- [WHAT IS BEING ASKED] The listing below should be printed again word for word, without any images.

- [DATA BELOW]
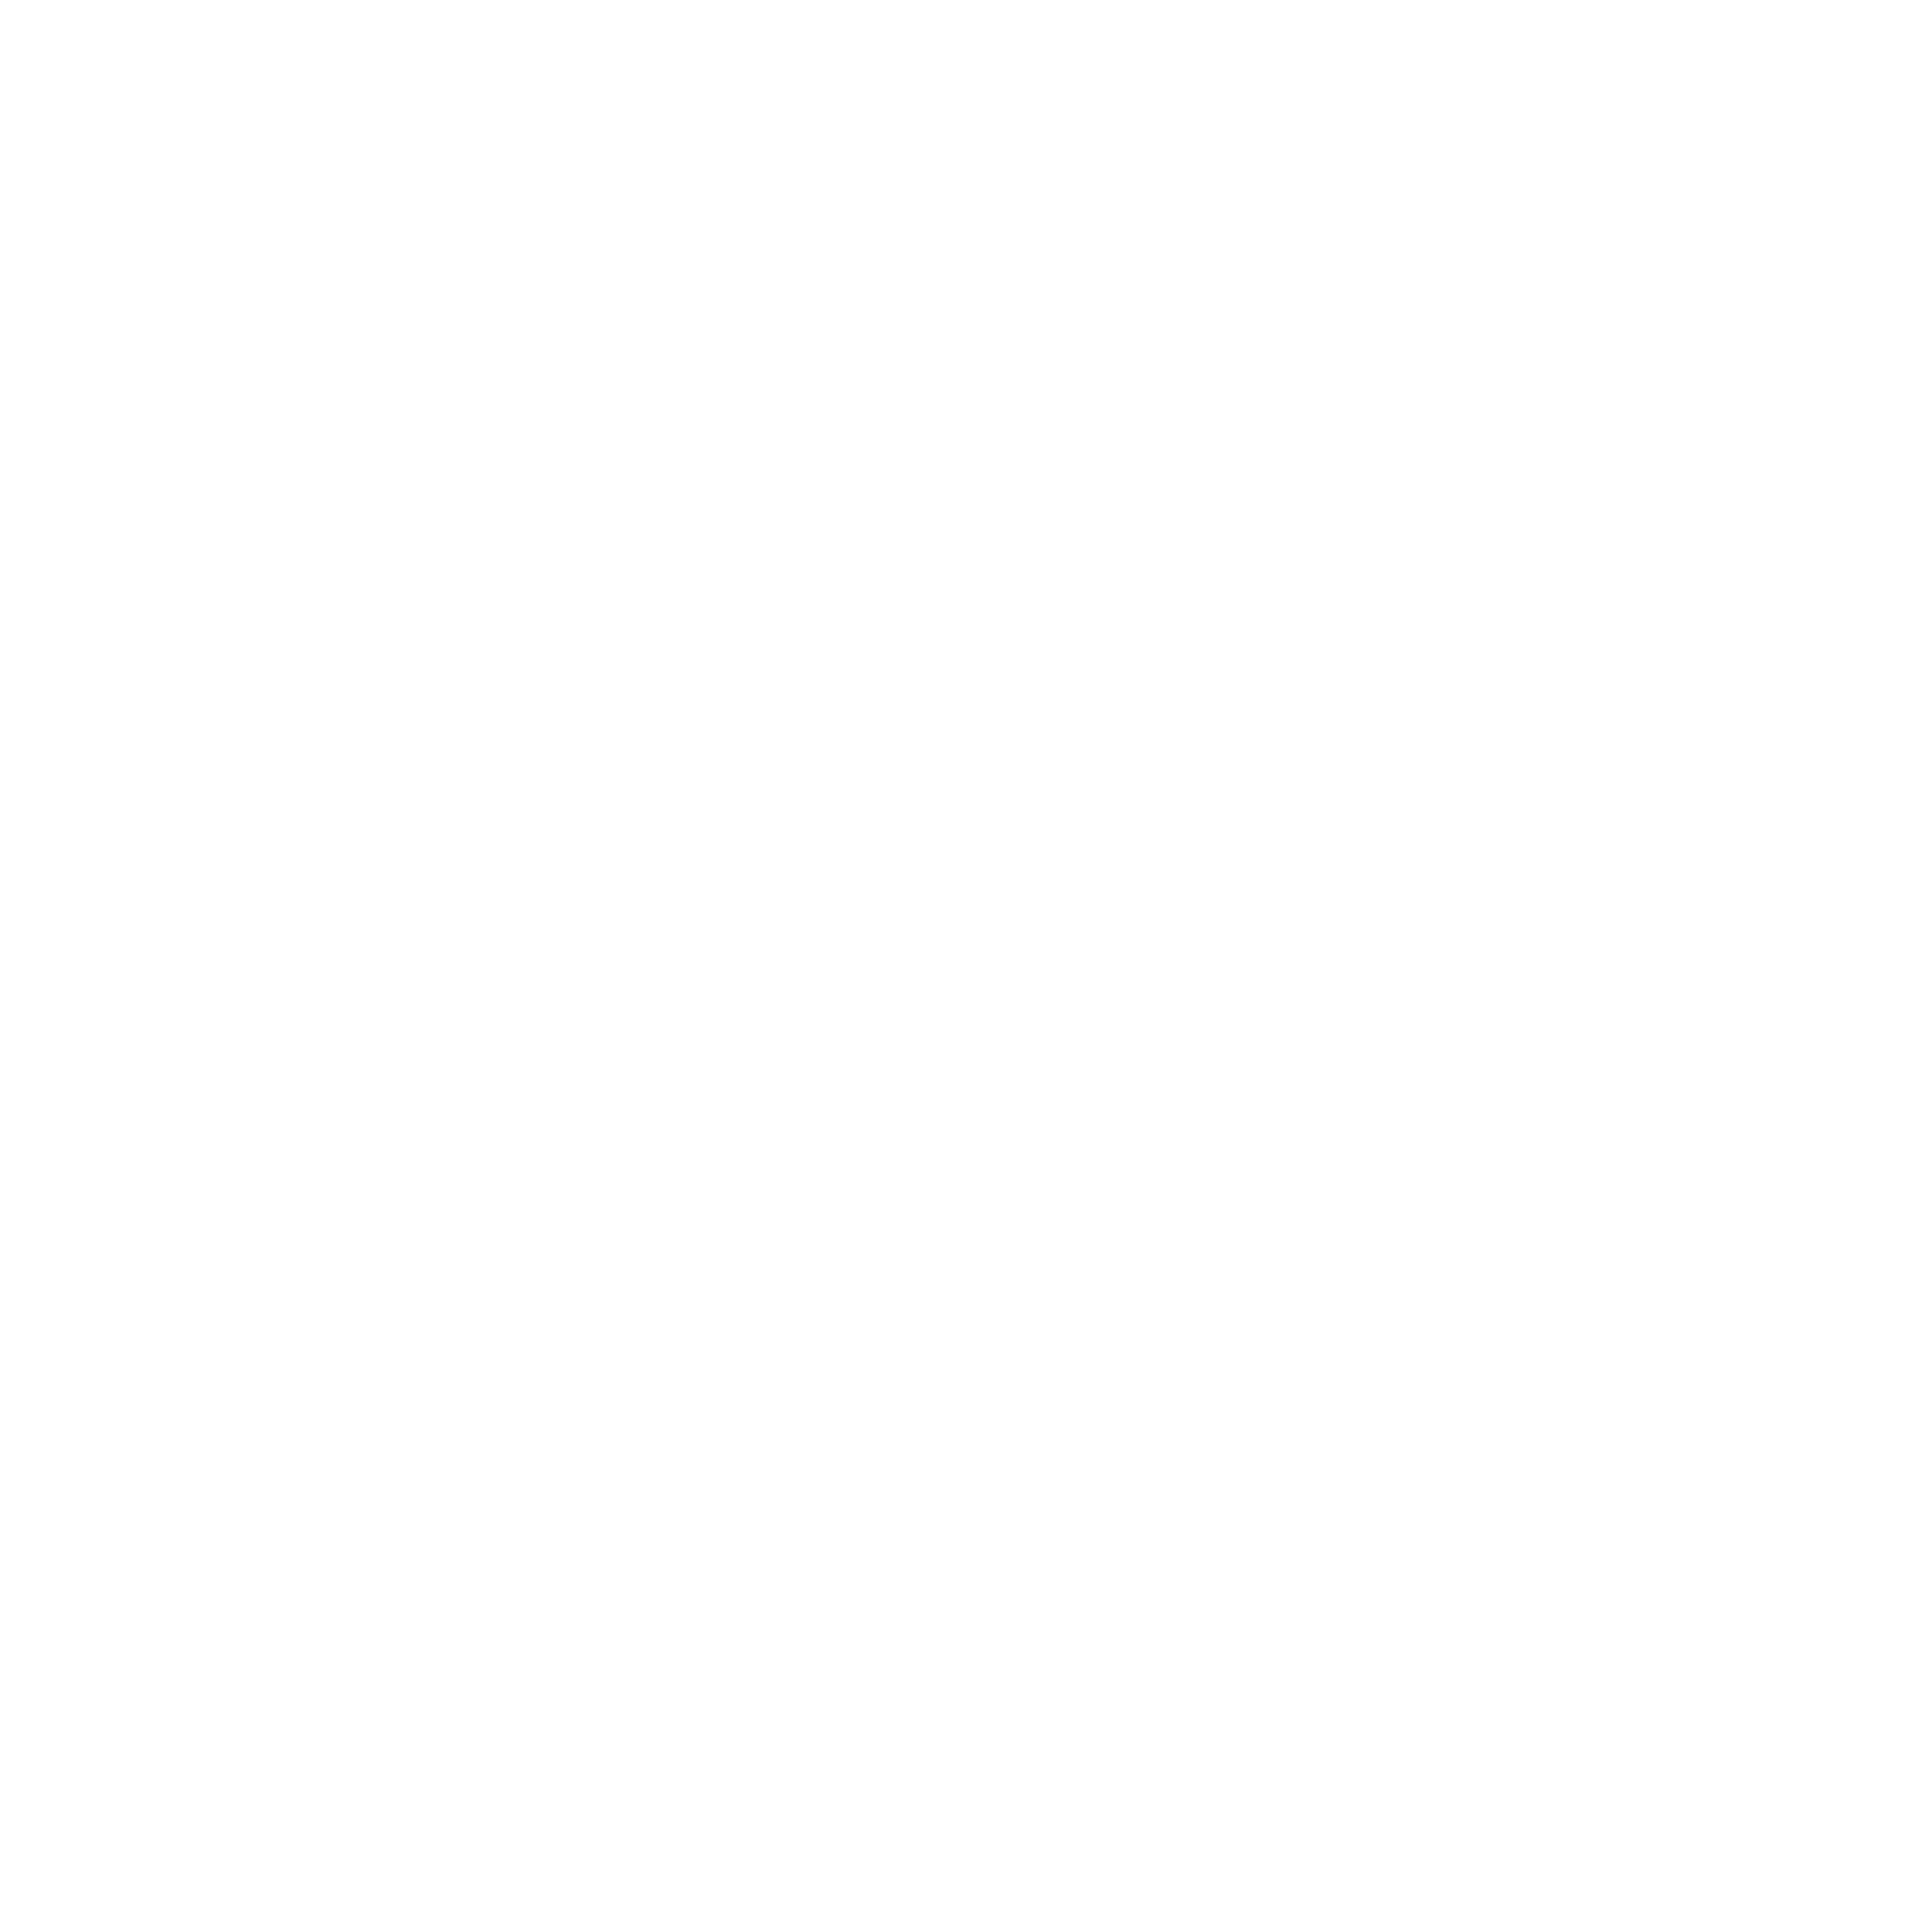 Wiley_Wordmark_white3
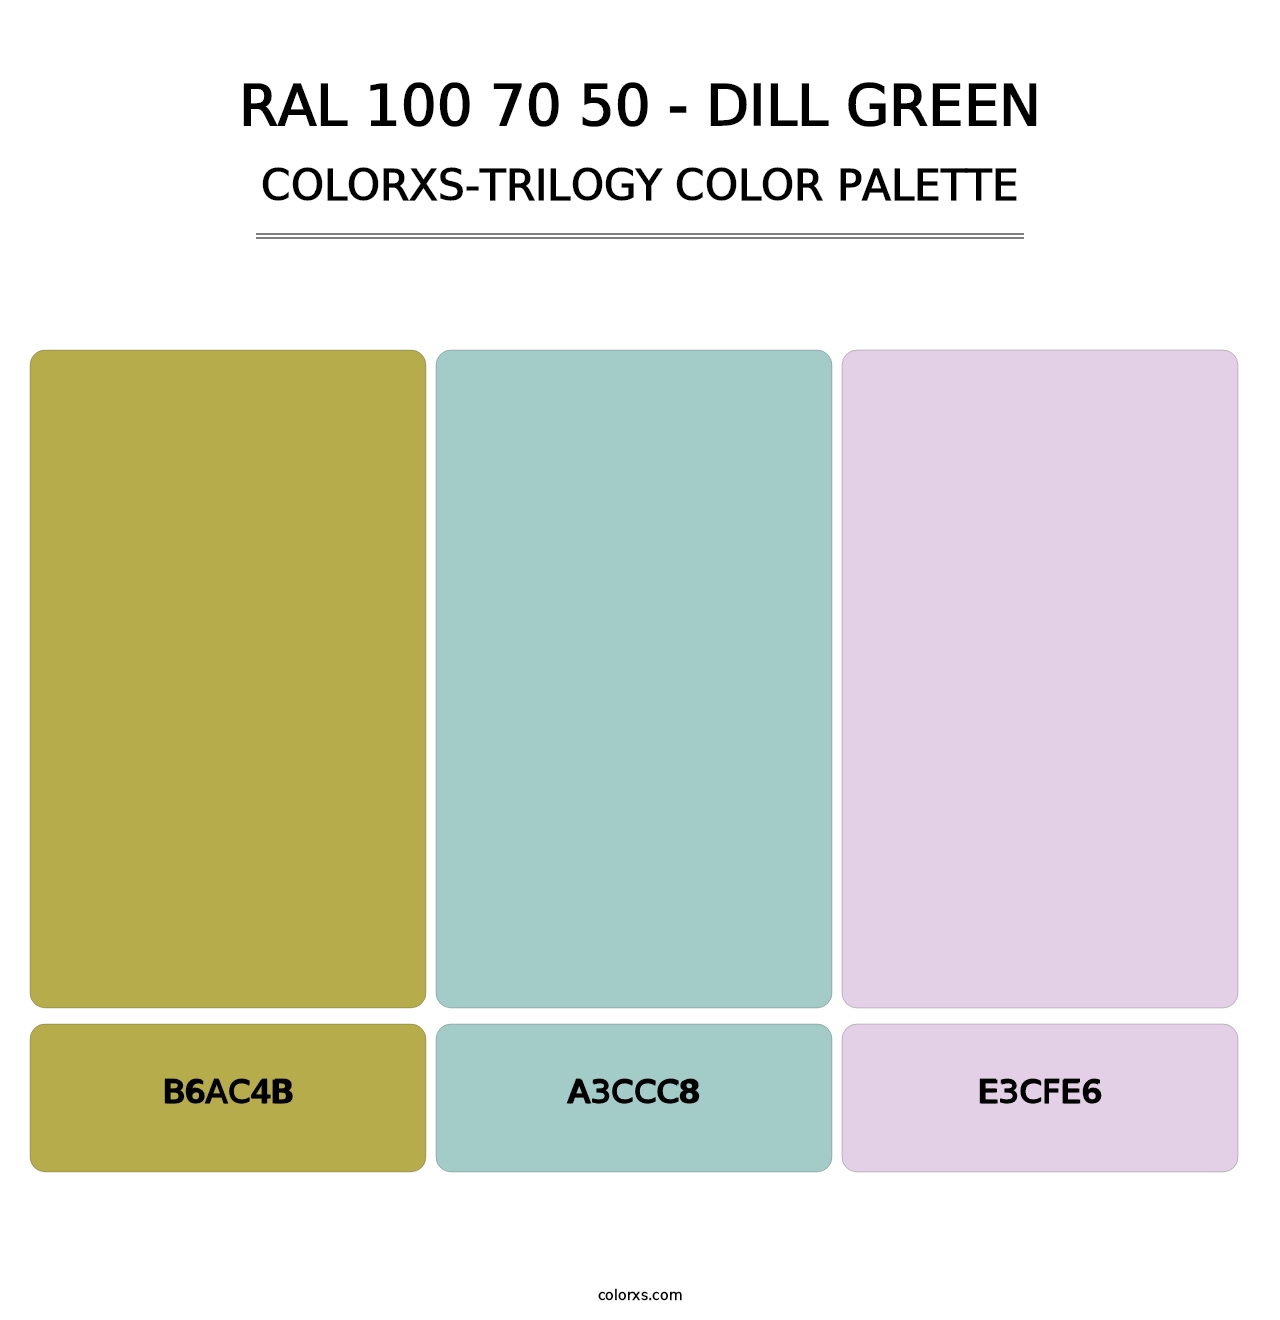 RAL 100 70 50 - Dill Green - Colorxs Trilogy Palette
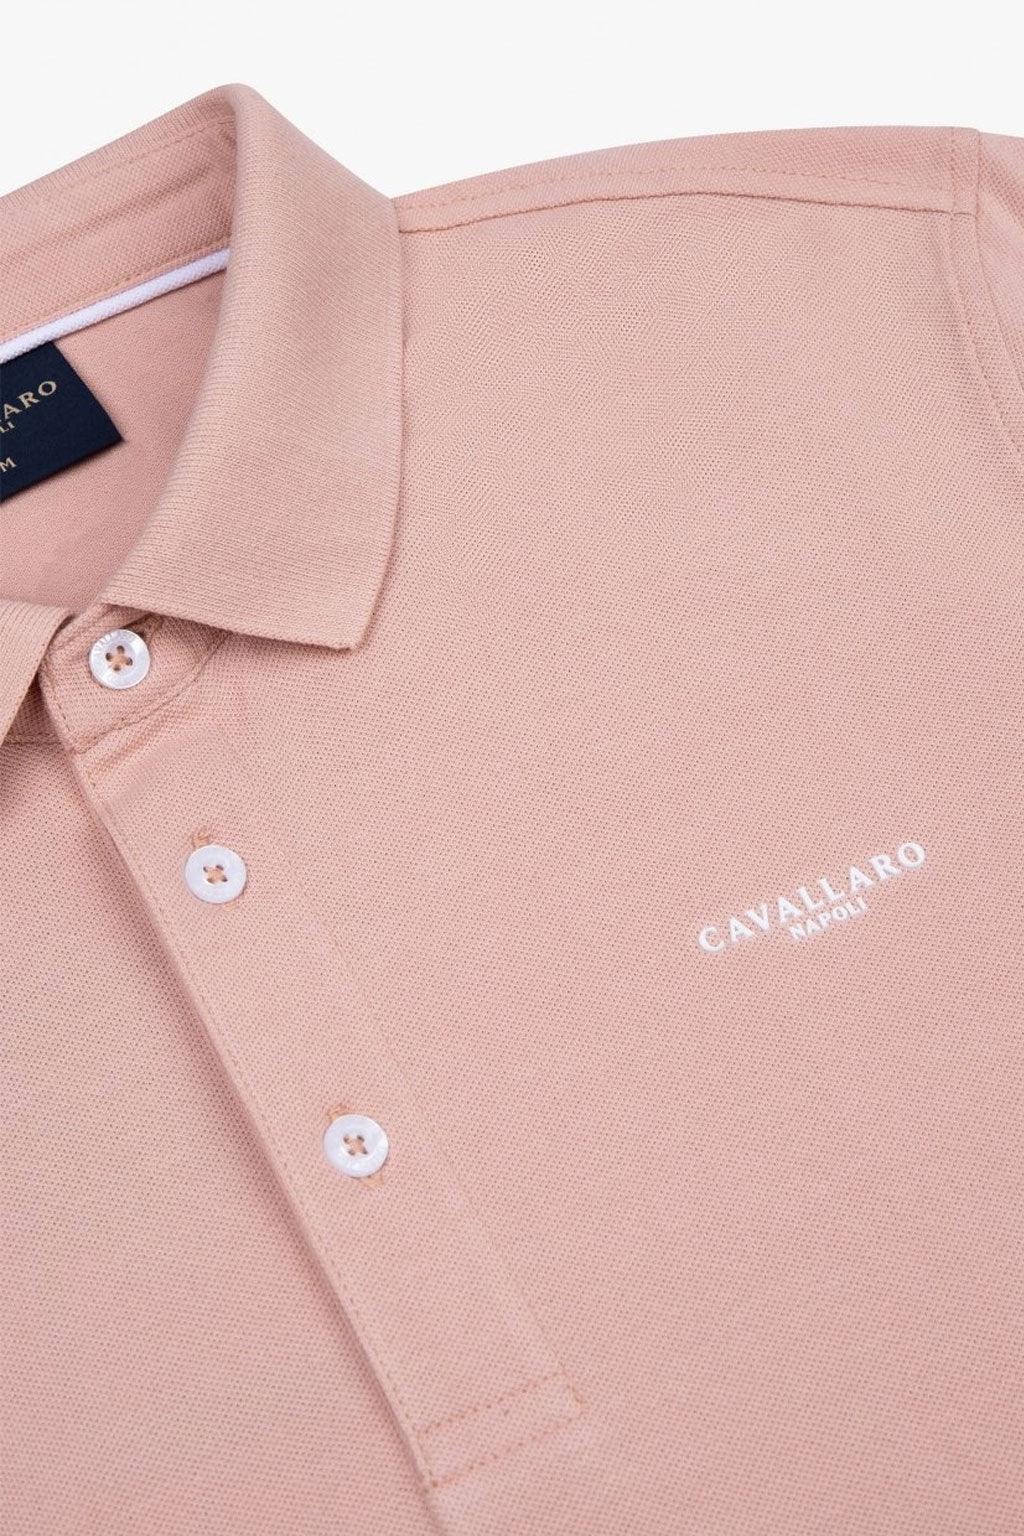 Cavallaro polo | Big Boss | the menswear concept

- [OUTPUT OF THE TASK]
 Wiley_Wordmark_white3
 RAL 100 70 50 - Dill Green - Colorxs Trilogy Palette
 Cavallaro polo | Big Boss | the menswear concept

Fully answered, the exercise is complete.